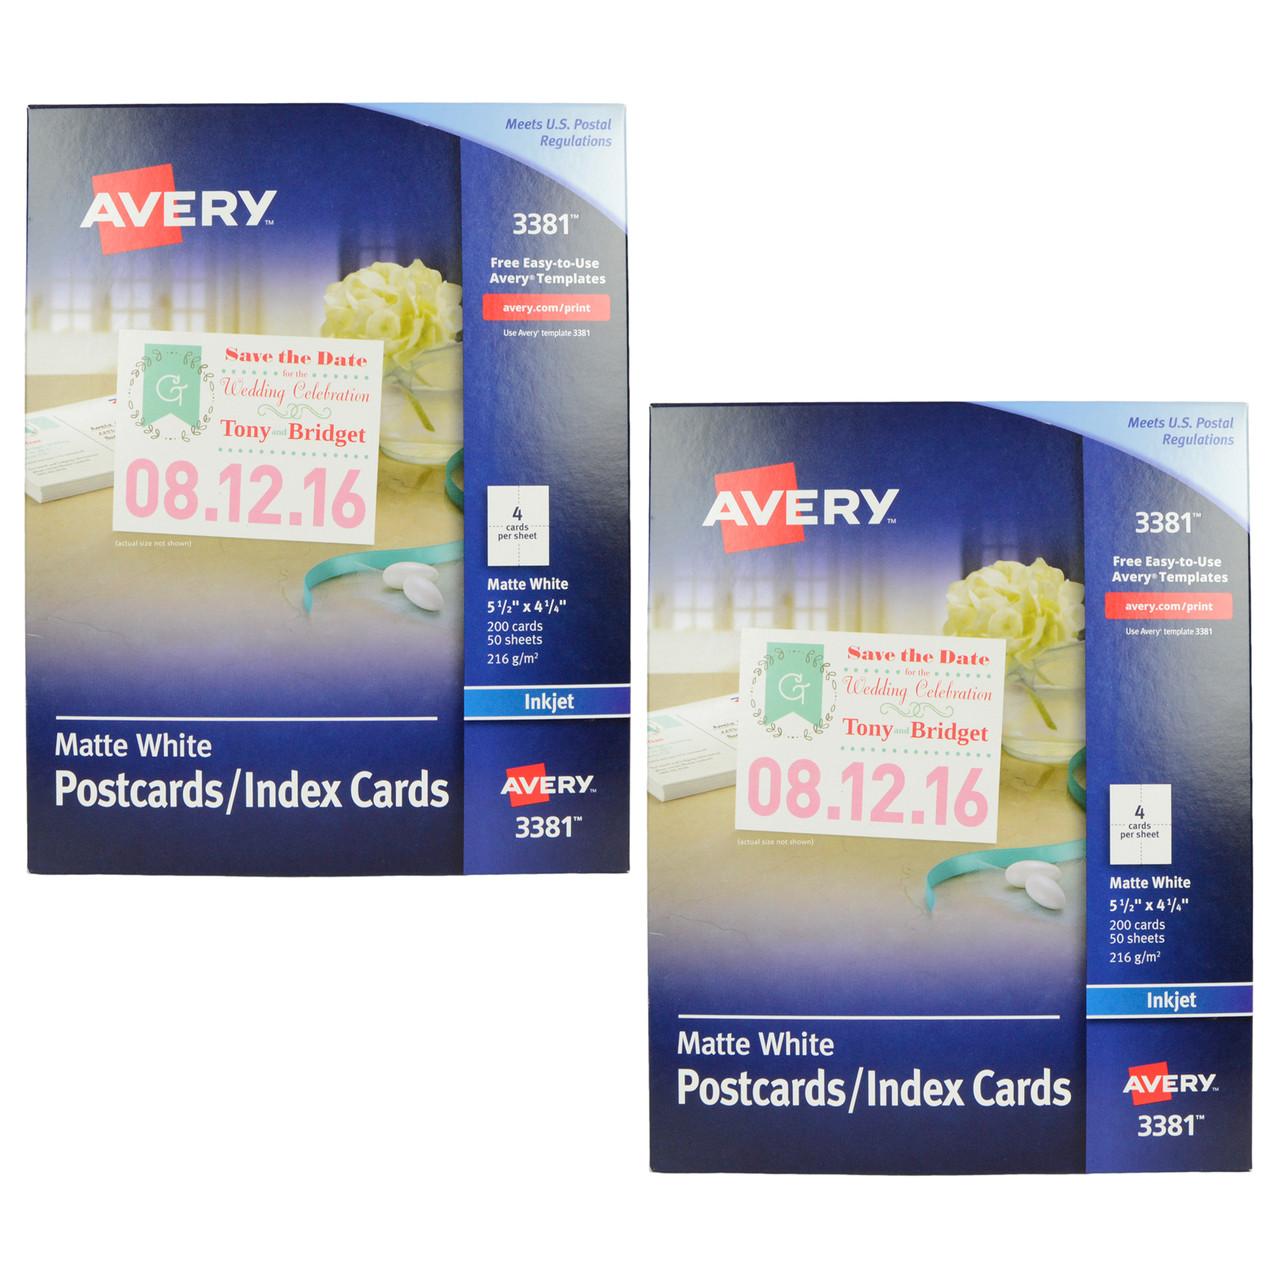 Avery 3381 Inkjet Postcard / Index Cards Bundle Office Items
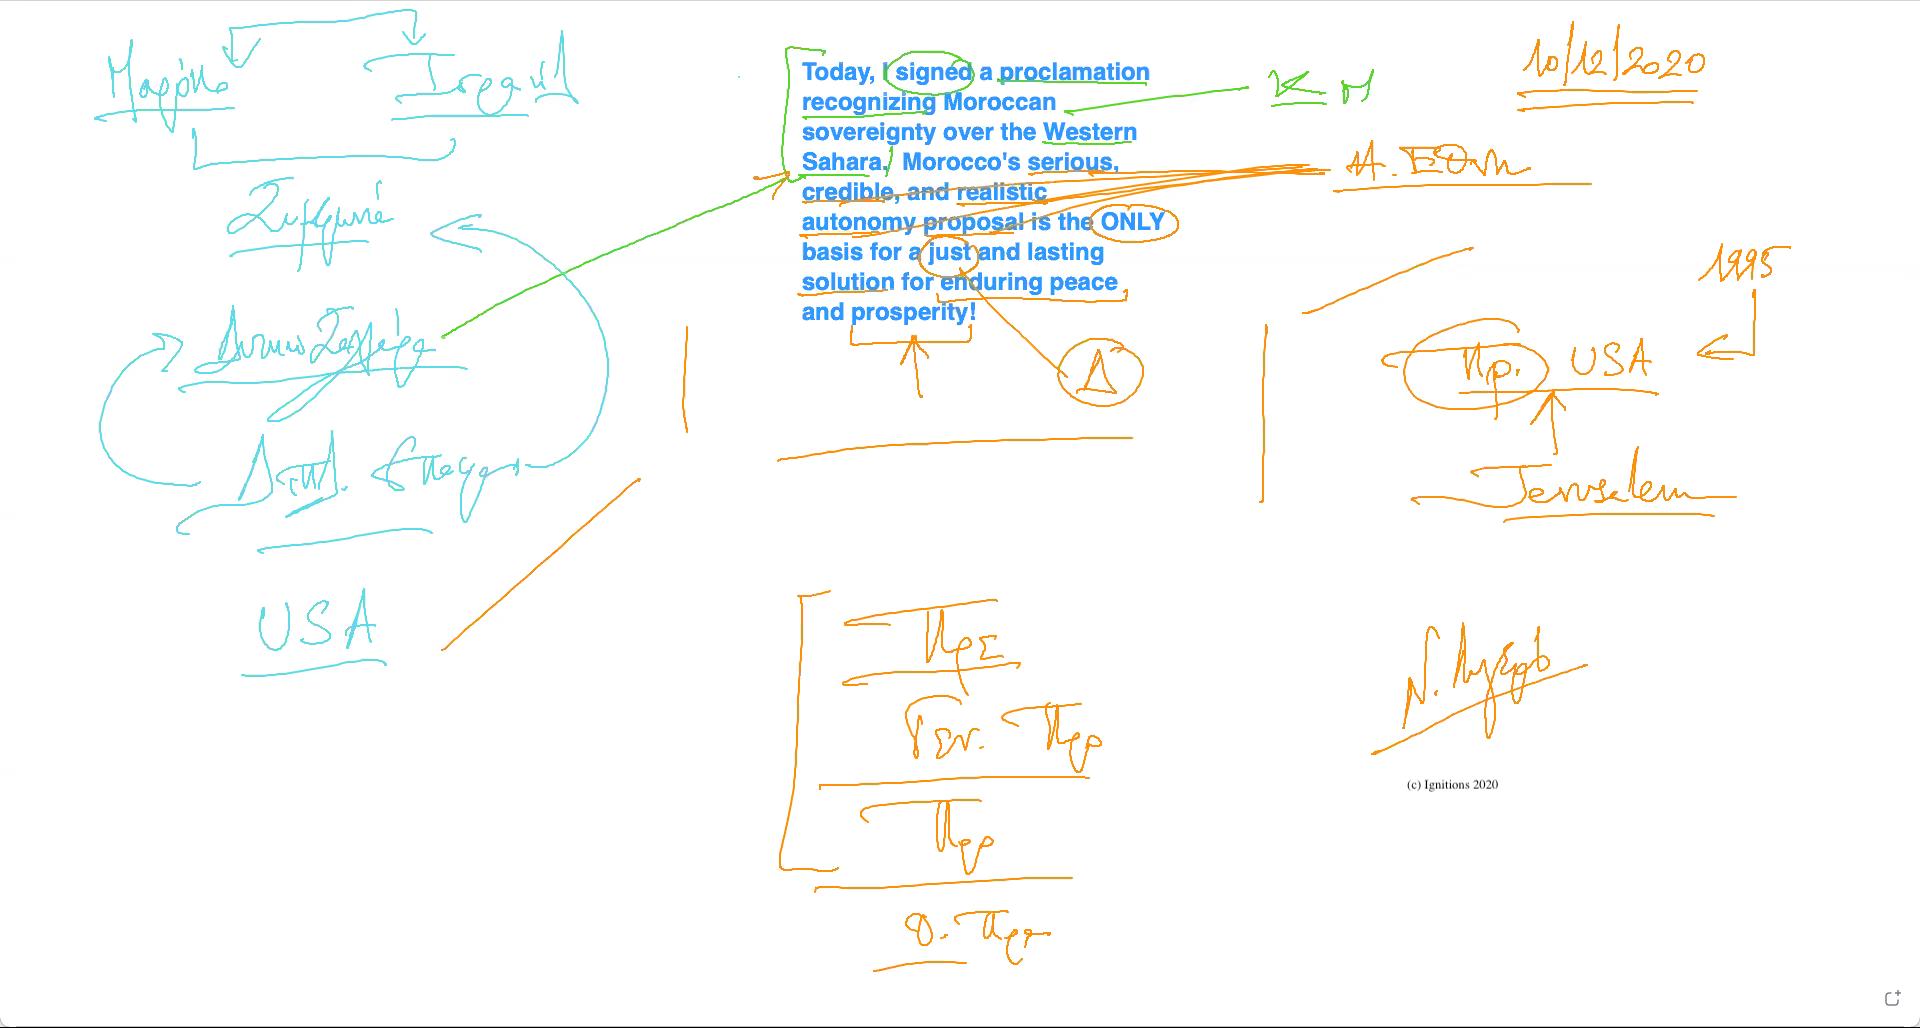 57014 - I - e-Μάθημα: Στρατηγική και Διπλωματία: Μαρόκο, Ισραήλ και ΗΠΑ. (Dessin)
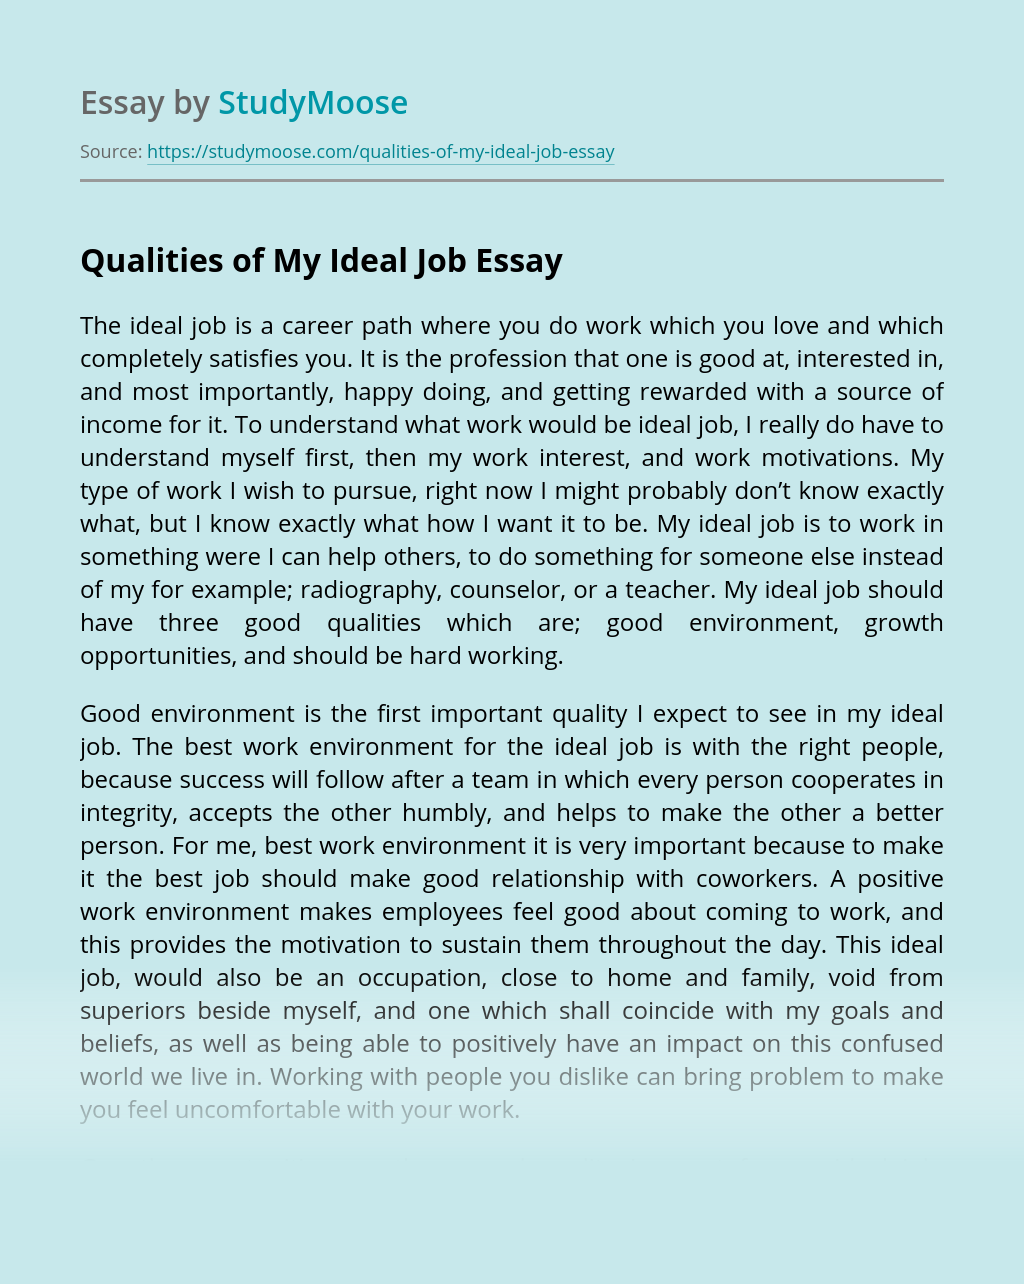 Qualities of My Ideal Job
***
| What the task asks |
Would you retype the listing above exactly, omitting its pictures?

| Your response |
 Avery 3381 Inkjet Postcard / Index Cards Bundle Office Items
 57014 - I - e-Μάθημα: Στρατηγική και Διπλωματία: Μαρόκο, Ισραήλ και ΗΠΑ. (Dessin)
 Qualities of My Ideal Job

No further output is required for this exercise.